#### The input
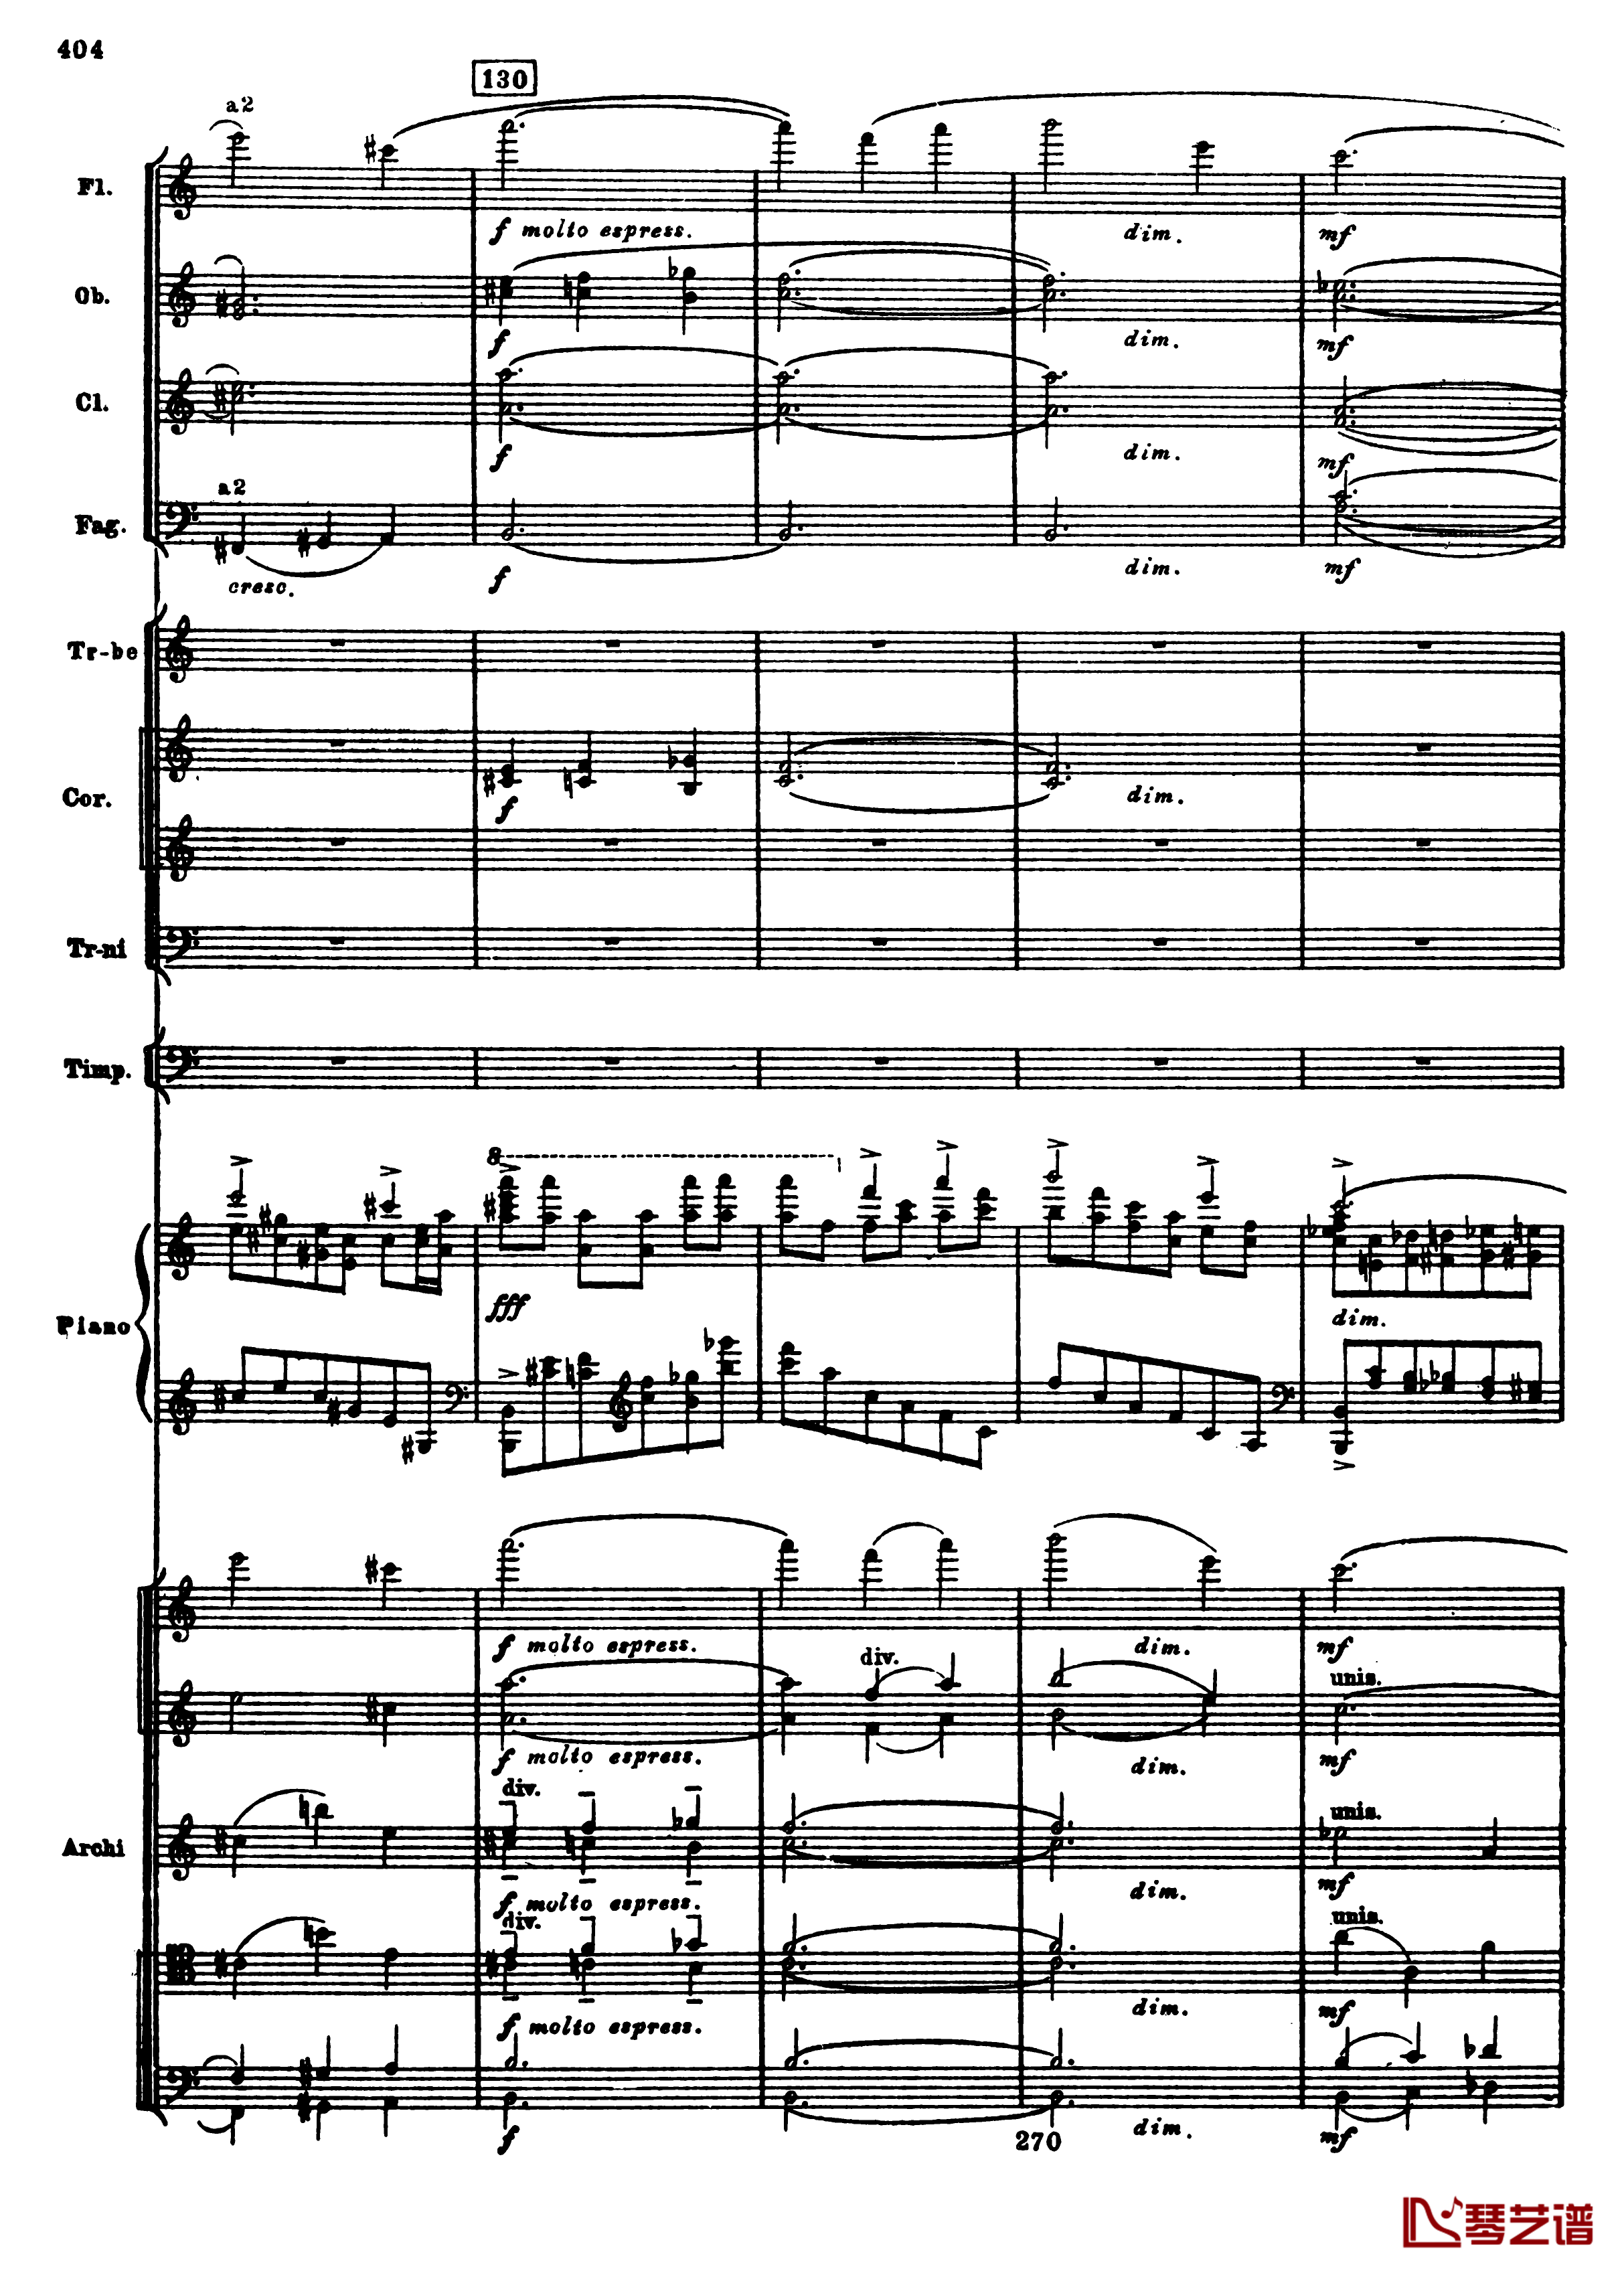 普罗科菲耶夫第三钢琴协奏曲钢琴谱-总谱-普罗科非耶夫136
########
#### The input
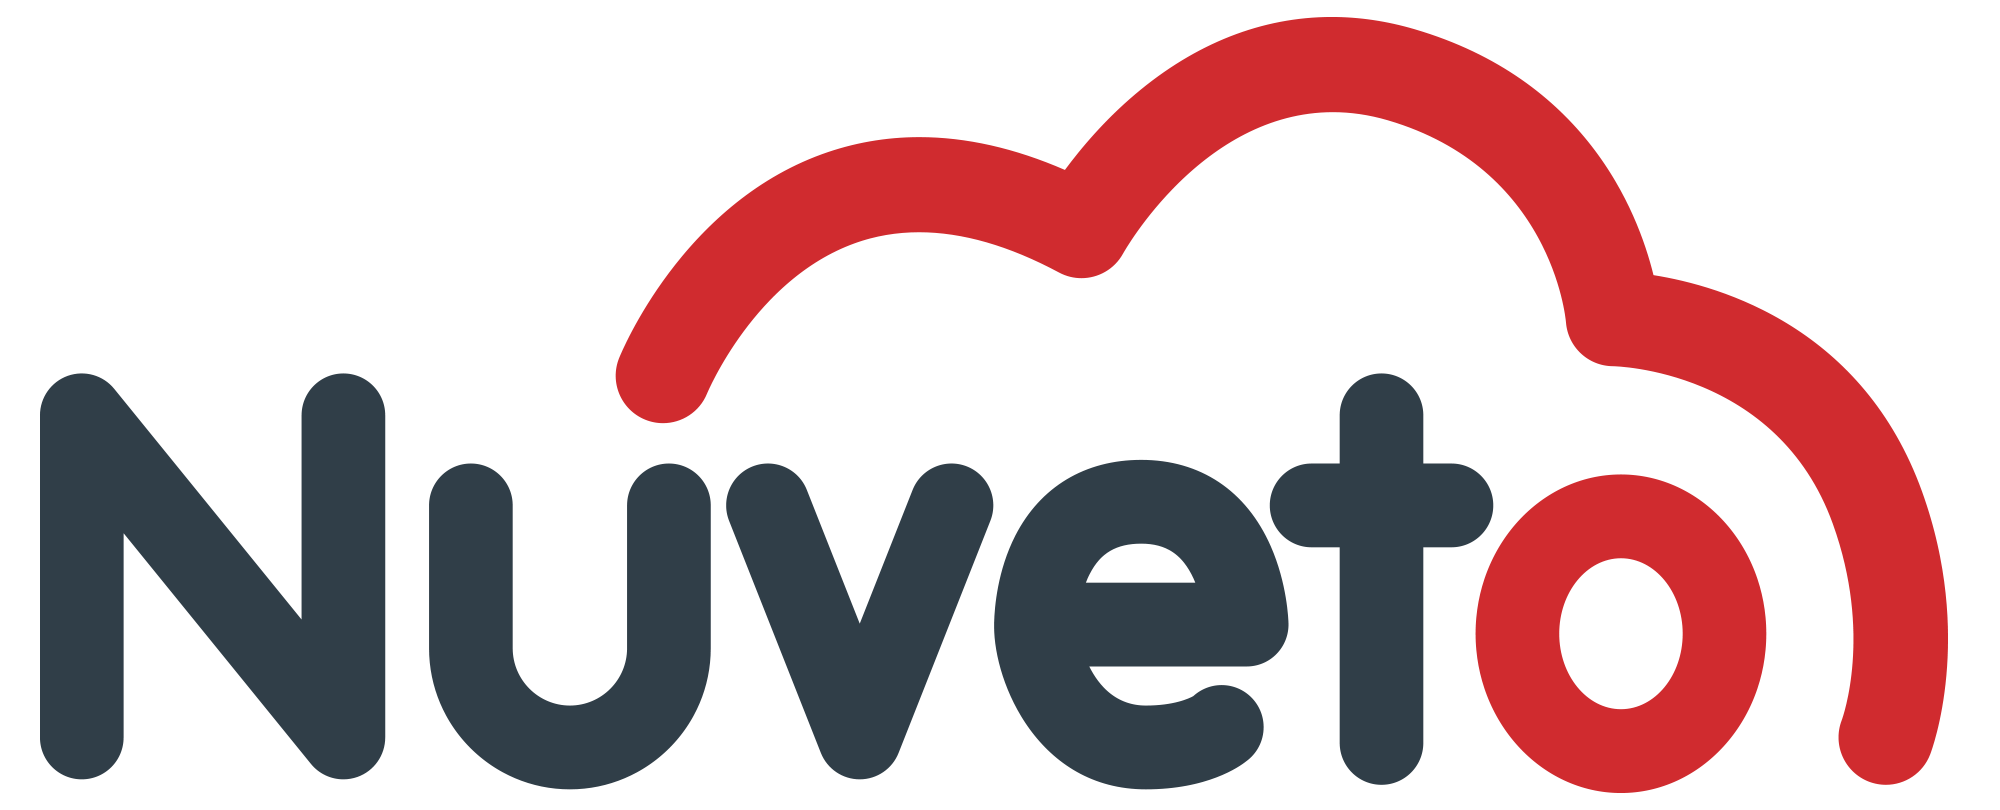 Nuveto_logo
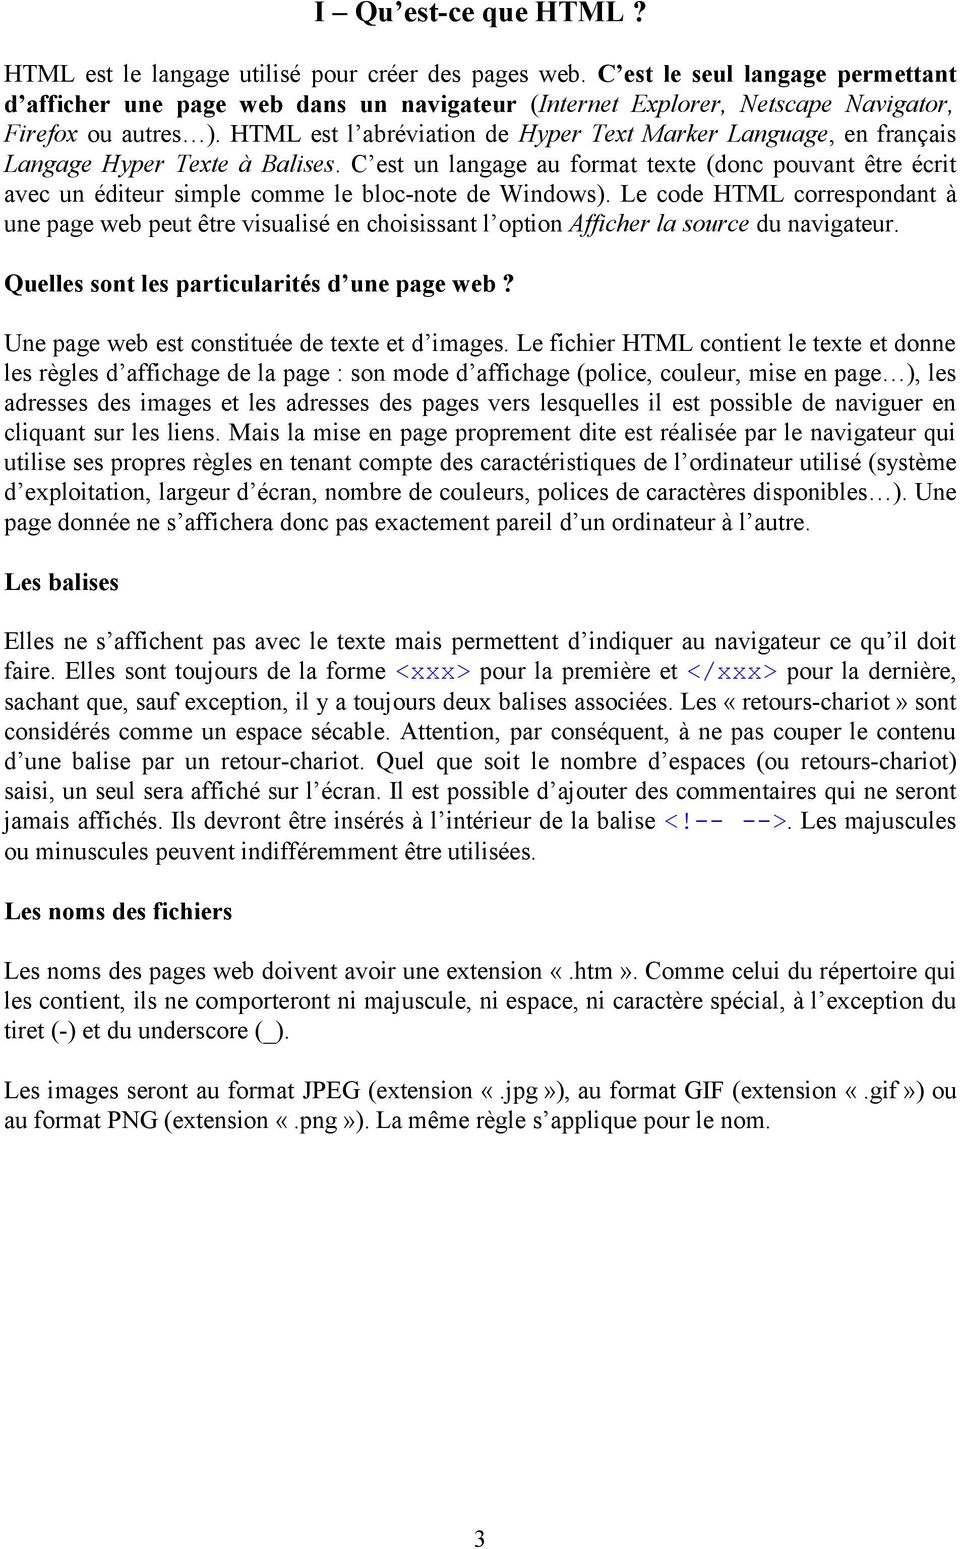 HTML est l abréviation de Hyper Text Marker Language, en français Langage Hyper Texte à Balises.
########
■ Activity ■
Using the data above, retype exactly the lines from the line with "Nuveto_logo" to the line with "HTML est l abréviation", inclusive. No pictures and nothing else.

■ Task answer ■
 Nuveto_logo
 HTML est l abréviation de Hyper Text Marker Language, en français Langage Hyper Texte à Balises.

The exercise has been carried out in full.